A Welsh artist is recruiting people to stand outside Cardiff City Hall looking miserable tomorrow from 1pm to 2pm. Barrie Davies intends the "sulkathon" to "capture the mood of the moment".
Santiago Sierra, the Mexican conceptual artist who, in the past, hired labourers to masturbate, created casts of prostitutes' genitals and invited patrons to an art opening which was blocked off (thus demonstrating that they were more concerned with free champagne than aesthetic experiences), is back. His latest project involved turning a former synagogue in Germany into a gas chamber:
The Mexico-based artist has parked six cars outside the synagogue and attached their exhaust pipes to the building using plastic tubes. It is then filled with deadly gas. Visitors are invited to go inside one by one wearing a gas mask, escorted by a firefighter. Before being allowed in, they have to sign a disclaimer stating they realise the room is full of carbon monoxide.Sierra claims that the installation, titled 245 Cubic Metres with chilling blandness, is a protest against the "banalisation of the Holocaust". Germany's Jewish groups, however, don't see it that way and have denounced the exhibit as "scandalous". Visitors' reactions have been mixed. The exhibit has since been suspended until Sierra meets his critics to discuss the project.
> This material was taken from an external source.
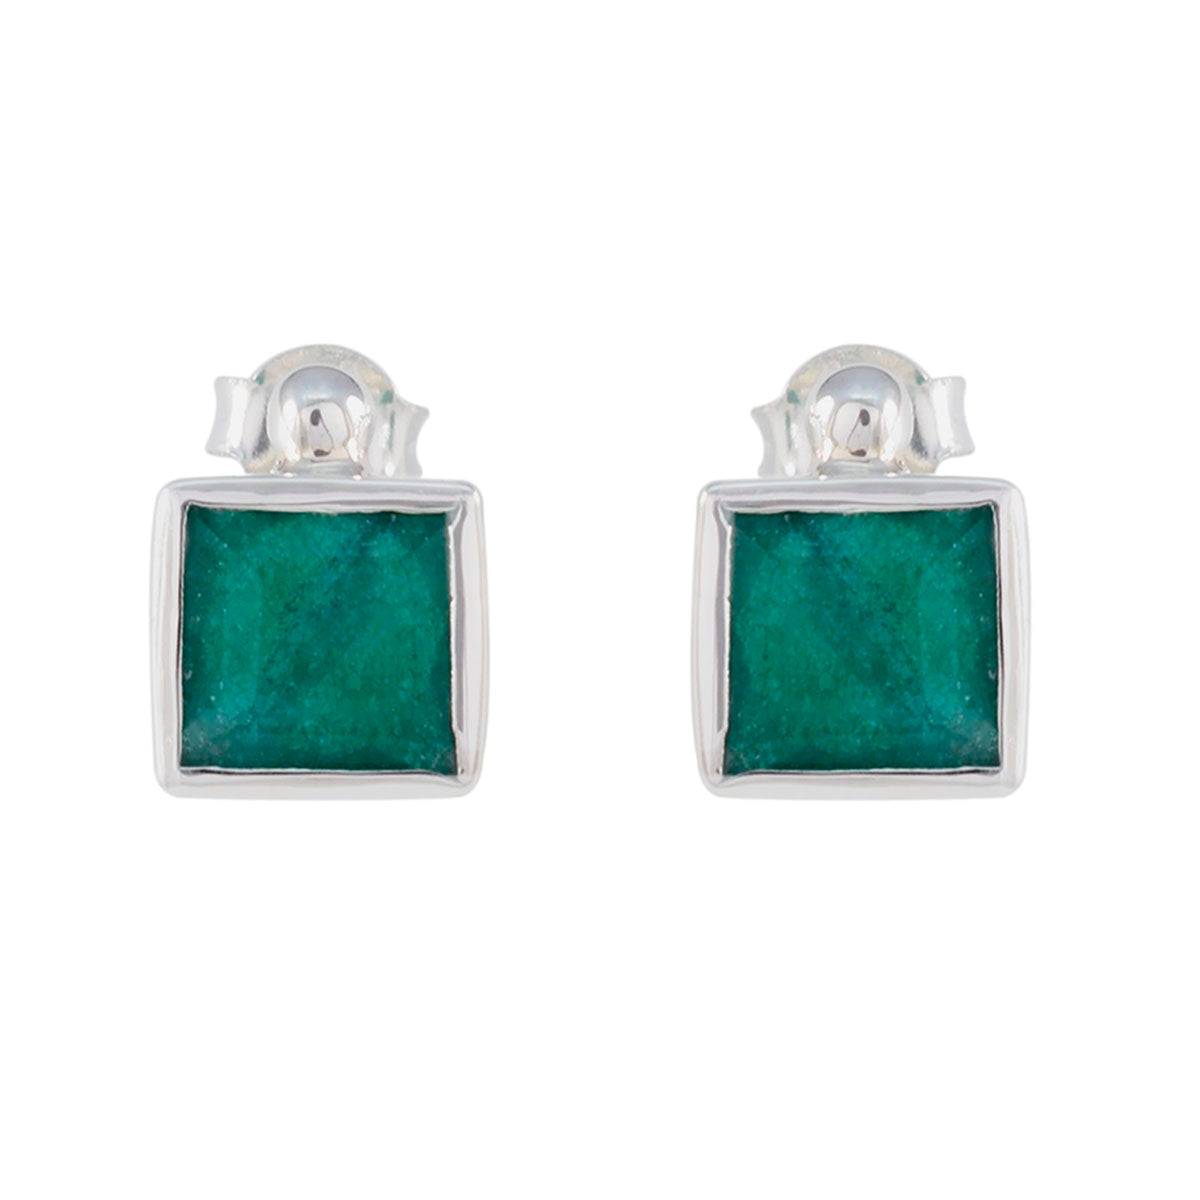 Riyo Charmanter 925er Sterlingsilber-Ohrring für Damen, indischer Smaragd-Ohrring, Lünettenfassung, grüner Ohrring-Bolzen-Ohrring

The comments in the Guardian's blog raise some interesting points, with some claiming a second subtext, equating personal automobiles with genocide, and others comparing it to a notional installation spraying the inside of a mosque with pigs' blood.
A 24-year-old woman committed suicide by jumping from the window of an art gallery in Berlin; the day before, she went to the gallery and was filmed by artists saying that she planned to commit suicide. When she jumped, bystanders thought it was performance art.
(Which brings up the quesion: if she hadn't killed herself, would it have been performance art? And just because she did, does that automatically make it not art?)